Theme C Revisited: Humbling and Overthrow of the Pagan King (Daniel 5)
For an explanation of the themes in and structure of the Book of Daniel, see the section "The Big Picture in the Book of Daniel".
Theme C, as introduced in chapter 5, concerns the humbling of the pagan king, but not his actual overthrow. The theme is revisited in chapter 5 in terms of the destruction of the Babylonian empire. Babylon’s extravagance had few parallels in the ancient world.[1] It was an impregnable fortress built of two walls, an inner and outer wall, with the outer wall as long as 11 miles and the height as great as 40 feet. A processional boulevard led to the spectacle of the Ishtar Gate, one of the city’s eight gates, which displayed glittering blue-glazed brick. The city contained as many as 50 temples and numerous palaces. The famed “Hanging Gardens,” known primarily from ancient historians, was one of the Seven Wonders of the World. Yet after the death of the strong-armed Nebuchadnezzar in 562 BC, the city’s downfall took barely 20 years. The Persian king Cyrus (559-530 BC) took the city in 539 BC without significant resistance.
This momentous change in the political landscape is told from the perspective of what occurred in the palace of the new ruler, Belshazzar, on the night of the city’s fall.[2] Belshazzar, at a sumptuous banquet, defiled the sacred Jewish goblets stolen from the temple of Jerusalem and blasphemed the Lord as the meal degenerated into a drunken orgy (Dan. 5:1-4). Then, “immediately the fingers of a human hand appeared and began writing on the plaster of the wall” (Dan. 5:5). Belshazzar, proud ruler of the magnificent empire of Babylon, was so frightened by the handwriting on the wall that his face turned pale and his knees knocked together (Dan. 5:6). Neither he nor his enchanters, astrologers and diviners were able to understand what it meant (Dan. 5:7-9). Only Daniel could perceive its message of doom: “The God in whose power is your very breath, and to whom belong all your ways, you have not honored” (Dan. 5:23). “You have been weighed on the scales and found wanting” (Dan. 5:27). “Your kingdom is divided and given to the Medes and Persians” (Dan. 5:28). And indeed, “That very night Belshazzar, the Chaldean king, was killed. And Darius the Mede received the kingdom…” (Dan. 5:30).

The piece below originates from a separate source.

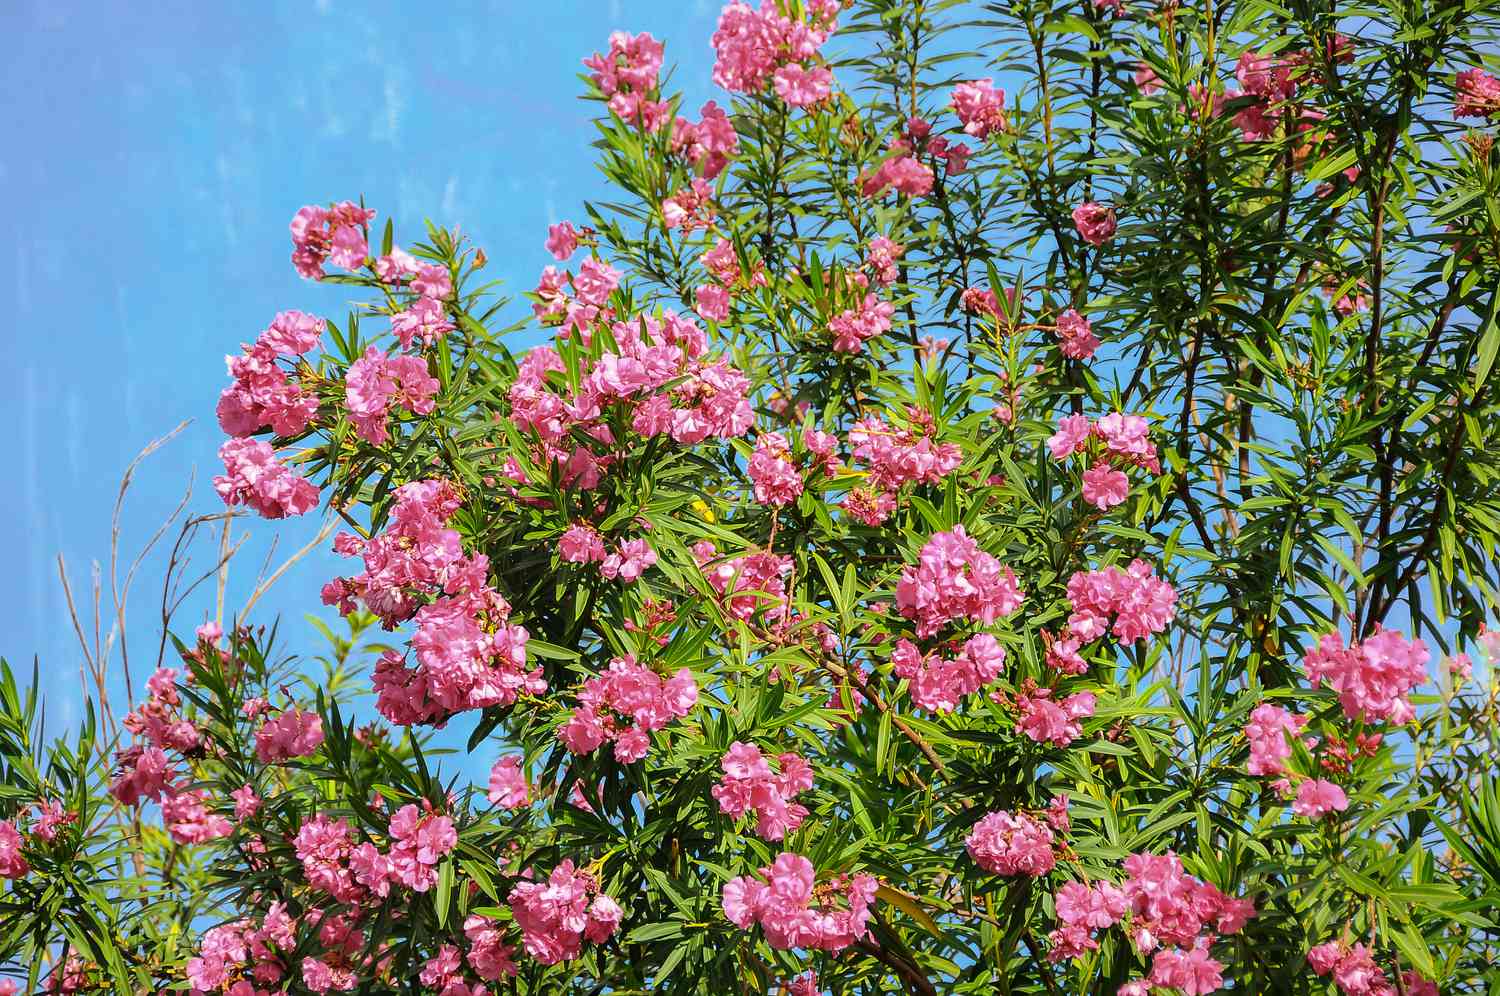 Arbuste de laurier-rose avec des grappes de fleurs roses sur des branches à plusieurs tiges avec de longues feuilles

In the end, God does bring the evil kingdom to an end. God’s final victory, not our personal effectiveness, is the great hope of God’s people. By all means, we should bloom where we are planted. If the opportunity arises, we can and should make a difference. Engagement, not withdrawal, is the model we see in every page of the Book of Daniel. But our engagement with the world is not grounded on the expectation that we will achieve a certain degree of success, or that God will make us immune from the sufferings we see around us. It is grounded on the knowledge that everything good that happens in the midst of the fallen world is only a foretaste of the incomparable goodness that will come when God brings his own kingdom forth on earth. Ultimately, the question, “Whose side are you on?” matters more than, “What have you done for me lately?”
E. Klengel-Brandt, “Babylon,” Oxford Encyclopedia of Archaeology in the Near East (Oxford: Oxford University Press, 1997), 251-56; Bill T. Arnold, Who Were the Babylonians? (Atlanta: Society of Biblical Literature, 2004), 96-99.
Belshazzar was not a descendant of Nebuchadnezzar, but the son of and co-regent with King Nabonidus (556-539 BC) who had come to the throne in a military coup.